One thing to definitely avoid is lots of write access to the same cache lines from threads.

For example: If you use a counter variable to count the number of items processed by all threads, this will really hurt performance because the CPU cache lines have to synchronize whenever the other CPU writes to the variable.

Zan Lynx
Nice! I didn't know that, I've got a section where I do an interlocked increment (actually: a "lock inc" in assembler) and I've never stopped to think about cache lines. +1, I whish I could give a +2
Jorge Córdoba
+2  A: 

What kills performance is when two or more threads share the same resources. This could be an object that both use, or a file that both use, a network both use or a processor that both use. You cannot avoid these dependencies on shared resources but if possible, try to avoid sharing resources.

Workshop Alex
+3  A: 

Something to keep in mind when locking: lock for as short a time as possible.

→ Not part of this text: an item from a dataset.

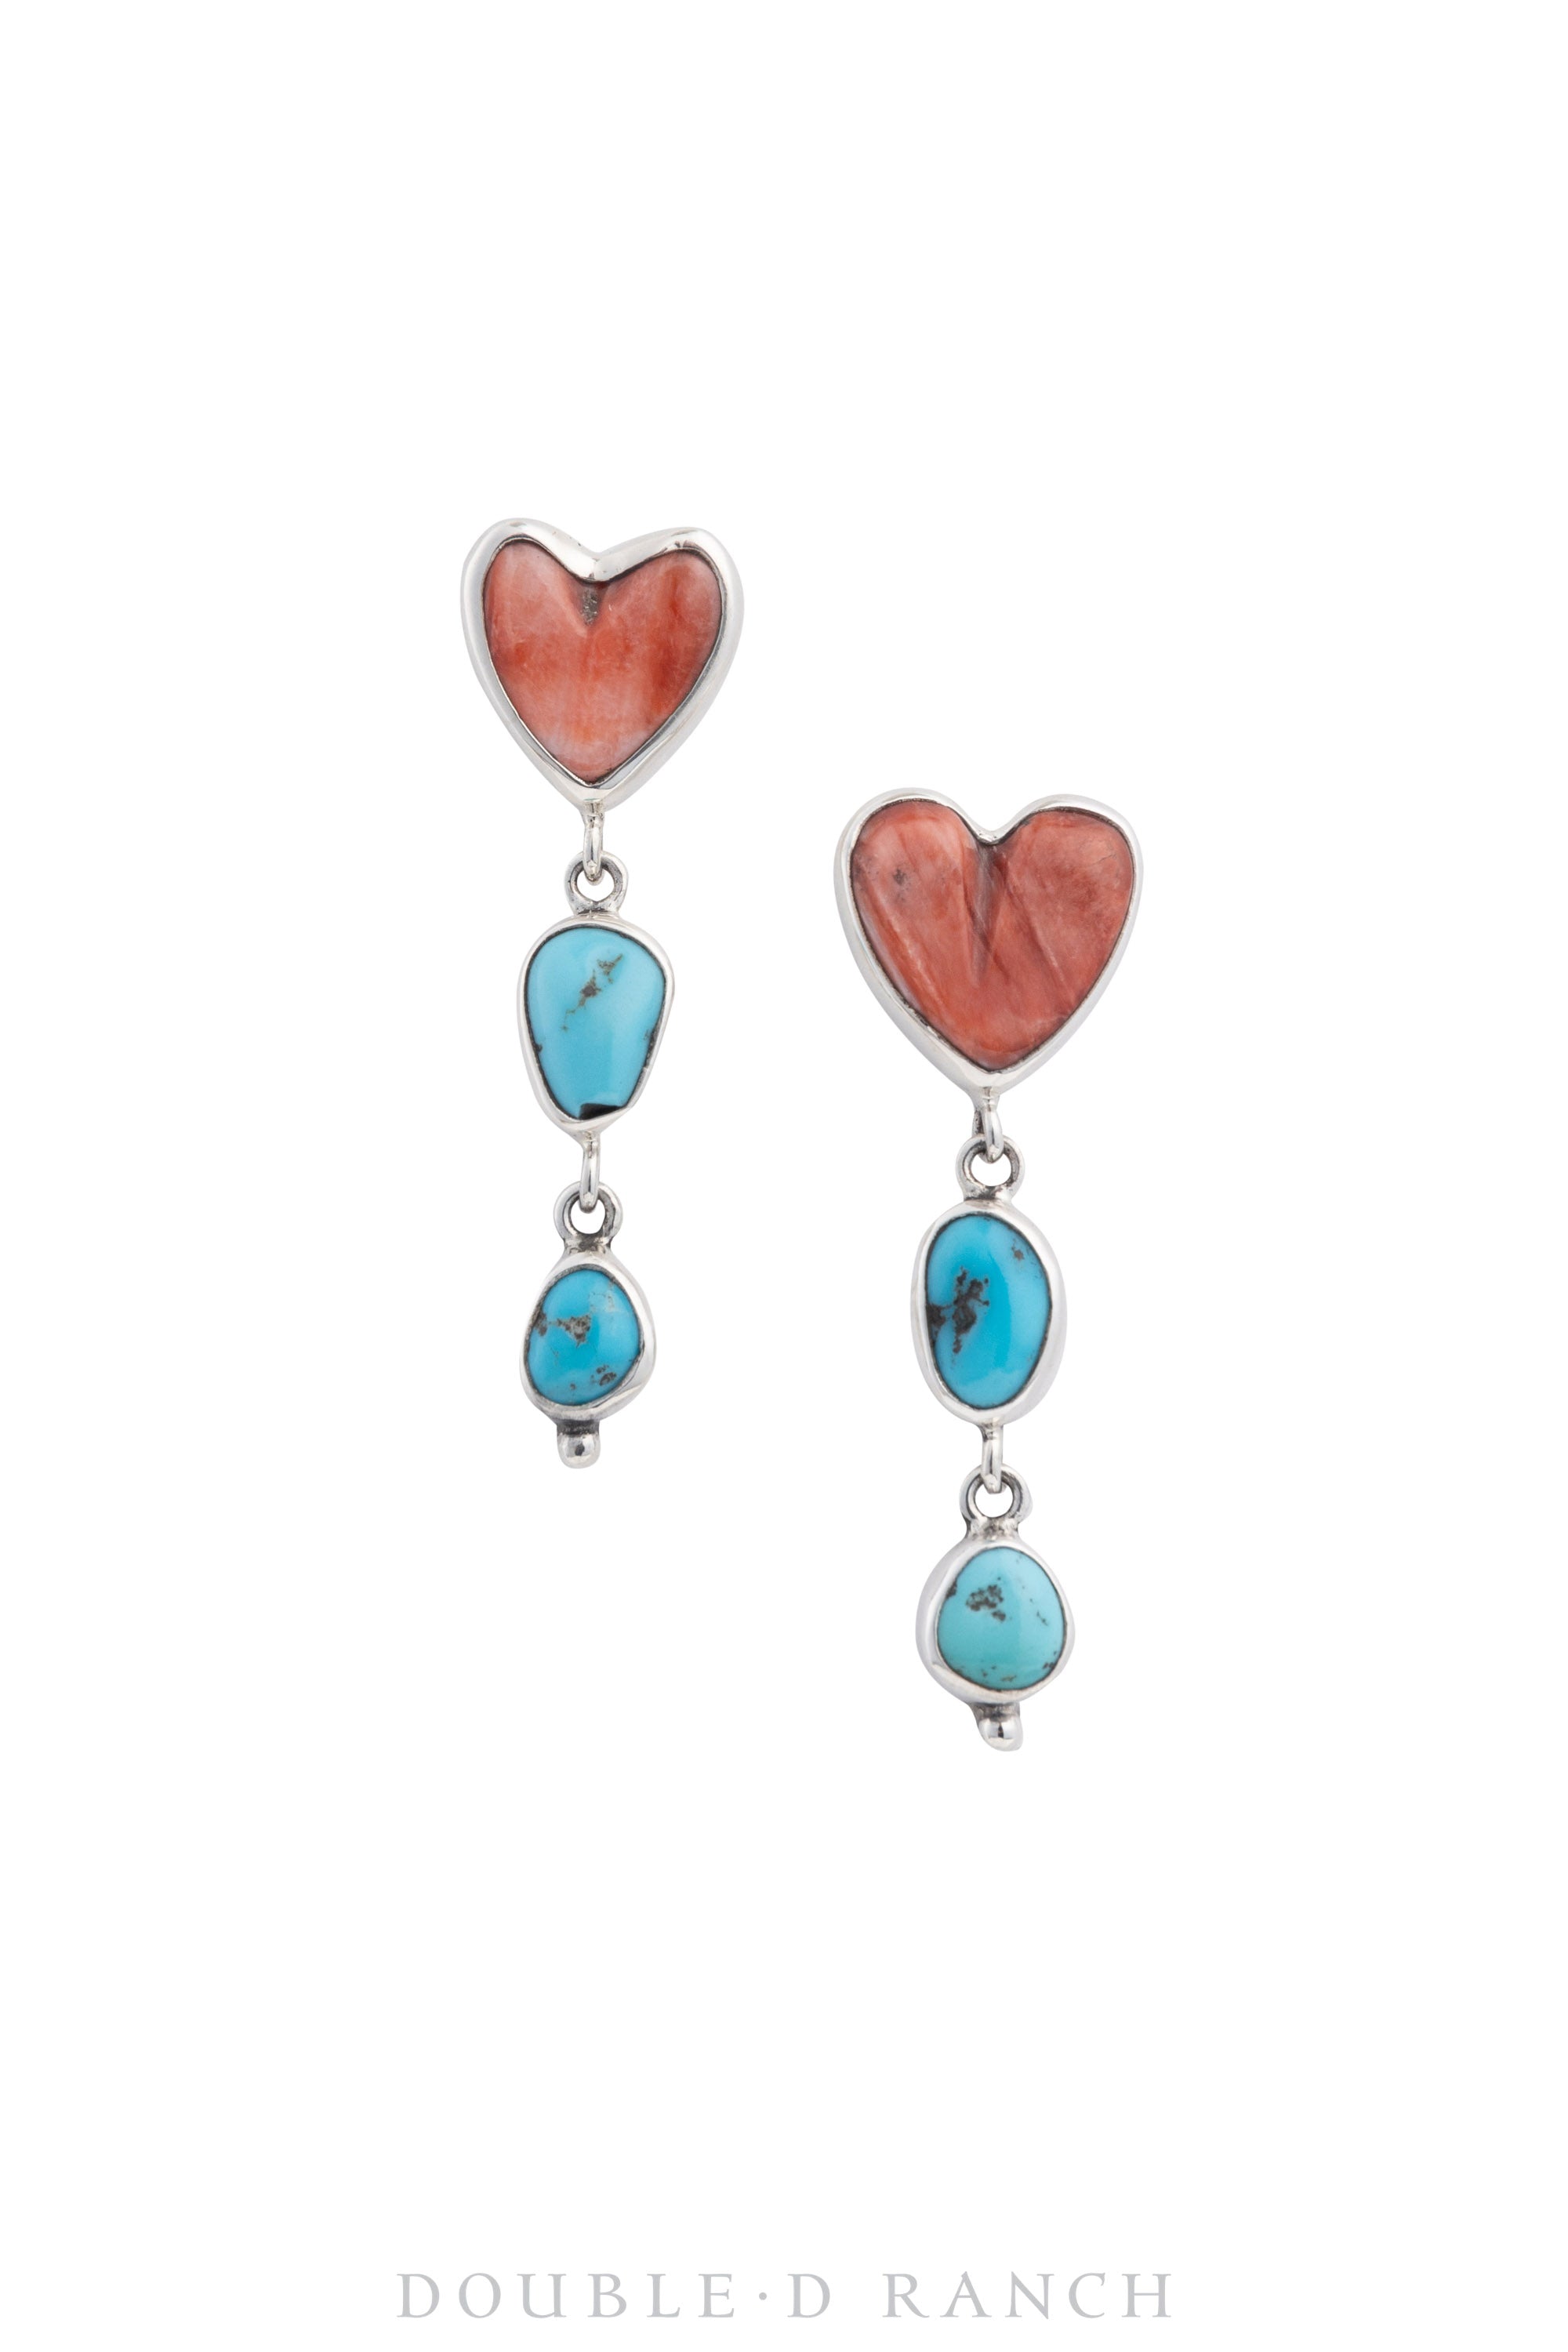 Earrings, Dangles, Orange Spiny Oyster & Turquoise, Heart,  Hallmark, Contemporary, 1499

For example, instead of this:

lock(syncObject)
{
    bool value = askSomeSharedResourceForSomeValue();
    if (value)
        DoSomethingIfTrue();
    else
        DoSomtehingIfFalse();
}

Do this (if possible):

bool value = false;  

lock(syncObject)
{
    value = askSomeSharedResourceForSomeValue();
}  

if (value)
   DoSomethingIfTrue();
else
   DoSomtehingIfFalse();

Of course, this example only works if DoSomethingIfTrue() and DoSomethingIfFalse() don't require synchronization, but it illustrates this point: locking for as short a time as possible, while maybe not always improving your performance, will improve the safety of your code in that it reduces surface area for synchronization problems.

And in certain cases, it will improve performance. Staying locked for long lengths of time means that other threads waiting for access to some resource are going to be waiting longer.

unforgiven3
+1  A: 

You don't mention the language you're using, so I'll make a general statement on locking. Locking is fairly expensive, especially the naive locking that is native to many languages. In many cases you are reading a shared variable (as opposed to writing). Reading is threadsafe as long as it is not taking place simultaneously with a write. However, you still have to lock it down. The most naive form of this locking is to treat the read and the write as the same type of operation, restricting access to the shared variable from other reads as well as writes. A read/writer lock can dramatically improve performance. One writer, infinite readers. On an app I've worked on, I saw a 35% performance improvement when switching to this construct. If you are working in .NET, the correct lock is the ReaderWriterLockSlim.

Steve
And in Java it is java.util.concurrent.locks.ReentrantReadWriteLock
Kathy Van Stone
+2  A: 

You should first be familiar with Amdahl's law.

If you are using Java, I recommend the book Java Concurrency in Practice; however, most of its help is specific to the Java language (Java 5 or later).

In general, reducing the amount of shared memory increases the amount of parallelism possible, and for performance that should be a major consideration.

Threading with GUI's is another thing to be aware of, but it looks like it is not relevant for this particular problem.

Kathy Van Stone
+1  A: 

I recommend looking into running multiple processes rather than multiple threads within the same process, if it is a server application.

The benefit of dividing the work between several processes on one machine is that it is easy to increase the number of servers when more performance is needed than a single server can deliver.

You also reduce the risks involved with complex multithreaded applications where deadlocks, bottlenecks etc reduce the total performance.

There are commercial frameworks that simplifies server software development when it comes to load balancing and distributed queue processing, but developing your own load sharing infrastructure is not that complicated compared with what you will encounter in general in a multi-threaded application.

Ernelli
There's a lot of "problems" to the many process aproach. Firstly the fact that processes do not share the same memory space as threads do, I share a lot of information between threads so going from threads to processes won't be easy at all
Jorge Córdoba
Not sharing memory can be a benefit when it comes to cache coherency in SMP, but with multiple cores it's probably better to share memory such as table lookups, search-trees etc.Still it depends on the application, how it is designed etc. A general rule is that it is very hard to turn a single-threaded application into a multi threaded one without running into problems or insert so many locks that its practically runs as a single threaded app. It has to be designed to be MT from the beginning.
Ernelli
+1  A: 

I'm using Delphi 7

You might be using COM objects, then, explicitly or implicitly; if you are, COM objects have their own complications and restrictions on threading: Processes, Threads, and Apartments.

ChrisW
I'm not, but it's nice to know.
Jorge Córdoba
I haven't used Delphi but I thought that the VCL was implemented using COM: http://en.wikipedia.org/wiki/Visual_Component_Library -- even apart from that, your multi-threaded code and your UI should almost certainly be separate from each other.
ChrisW
A: 

Threads don't equal performance, always.

Things are a lot better in certain operating systems as opposed to others, but if you can have something sleep or relinquish its time until it's signaled...or not start a new process for virtually everything, you're saving yourself from bogging the application down in context switching.

David